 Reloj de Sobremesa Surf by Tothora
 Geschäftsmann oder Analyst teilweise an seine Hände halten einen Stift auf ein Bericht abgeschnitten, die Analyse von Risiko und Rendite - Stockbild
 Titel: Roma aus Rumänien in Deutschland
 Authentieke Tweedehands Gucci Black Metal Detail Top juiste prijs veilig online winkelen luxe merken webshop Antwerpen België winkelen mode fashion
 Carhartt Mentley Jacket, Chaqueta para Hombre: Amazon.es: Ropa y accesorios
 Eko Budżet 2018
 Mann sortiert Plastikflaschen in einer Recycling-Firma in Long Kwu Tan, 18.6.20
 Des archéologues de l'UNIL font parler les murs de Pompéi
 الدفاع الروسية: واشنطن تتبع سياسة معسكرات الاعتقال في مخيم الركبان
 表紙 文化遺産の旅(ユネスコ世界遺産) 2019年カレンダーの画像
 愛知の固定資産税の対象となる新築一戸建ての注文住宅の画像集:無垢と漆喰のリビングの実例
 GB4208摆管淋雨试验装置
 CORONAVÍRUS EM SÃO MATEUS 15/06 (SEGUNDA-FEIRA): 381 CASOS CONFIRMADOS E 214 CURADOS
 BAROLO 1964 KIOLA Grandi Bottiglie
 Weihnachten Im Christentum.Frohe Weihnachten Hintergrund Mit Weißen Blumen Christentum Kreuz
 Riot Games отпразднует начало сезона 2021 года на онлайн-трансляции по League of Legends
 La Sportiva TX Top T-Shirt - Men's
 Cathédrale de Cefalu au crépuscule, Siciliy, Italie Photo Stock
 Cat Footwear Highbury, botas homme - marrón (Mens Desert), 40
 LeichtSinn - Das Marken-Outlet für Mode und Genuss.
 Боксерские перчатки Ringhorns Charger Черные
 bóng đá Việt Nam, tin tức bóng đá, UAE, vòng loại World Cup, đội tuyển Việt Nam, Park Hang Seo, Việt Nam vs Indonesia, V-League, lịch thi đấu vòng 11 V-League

=-=-=

GOAL OF THE EXERCISE: Among the lines of the preceding data, which ones hold the word "League"? List them.

RESPONSE:
 Riot Games отпразднует начало сезона 2021 года на онлайн-трансляции по League of Legends
 bóng đá Việt Nam, tin tức bóng đá, UAE, vòng loại World Cup, đội tuyển Việt Nam, Park Hang Seo, Việt Nam vs Indonesia, V-League, lịch thi đấu vòng 11 V-League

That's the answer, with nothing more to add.